# can rolling over hurt back?



## Sasha2008 (Feb 19, 2008)

Hi all,

This may be a silly question, but I've been doing some pretty basic training with Bogart (only 7 1/2 weeks) and so far he's knows sit and down. Yes he's a genius, ha ha







While playing with him I noticed he loves to roll on his back when he has a toy, so I figured it would be pretty easy to teach him to roll over. Well ........I created a monster as now he's rolling over all the time for us , proudly waiting for his treat







This morning my boyfriend was getting him to sit and lay down, and after each one Bogart rolled over , not really to the delight of my boyfriend who doesn't think it's a very "manly" trick









My boyfriend did bring up a good point though , could the rolling over be harmful to his growing back or spine? 

Bogart's Mom


----------



## Chris Wild (Dec 14, 2001)

Nope, no harm in it.

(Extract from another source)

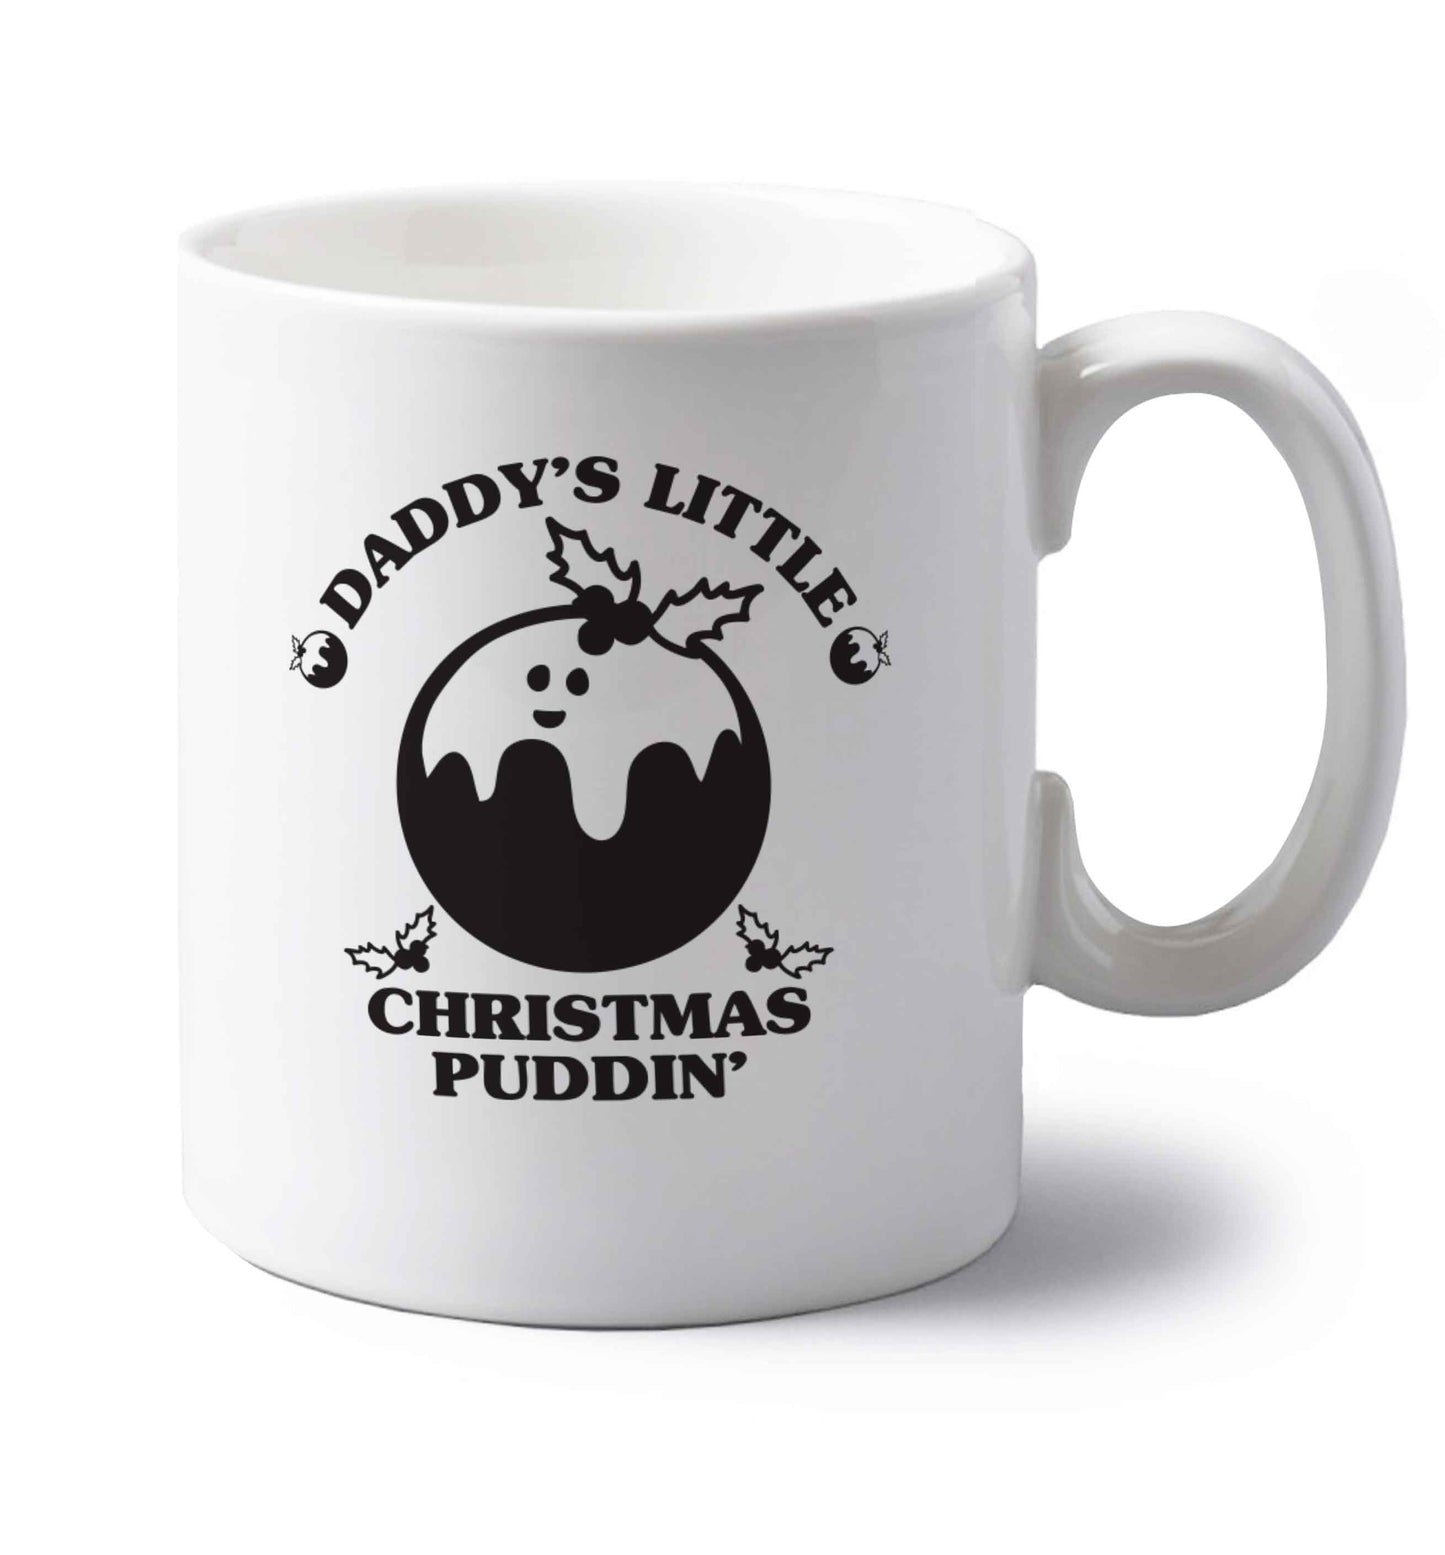 Daddy's little Christmas puddin' left handed white ceramic mug

He's fine, and seems to really be enjoying his new trick.


----------



## tibvixie101 (Nov 26, 2007)

LOL auto tricks at 7.5 weeks? you got a smart pants on your hands!!! Watch out for those "cute tricks" they do on their own that could turn out to be bad behaviors in the long run... 

I used to think it was so cute when bear used to combat crawl under the couch to get at his toys, and i used to laugh at him and he got so happy doing it (only like 13 weeks at the time) that now he tries to crawl under everything and hes a little to big at 100lbs to be crawling under the couch and chairs... lol he almost lifts the living room chairs trying to get under them!


----------



## Sasha2008 (Feb 19, 2008)

that's too funny!


----------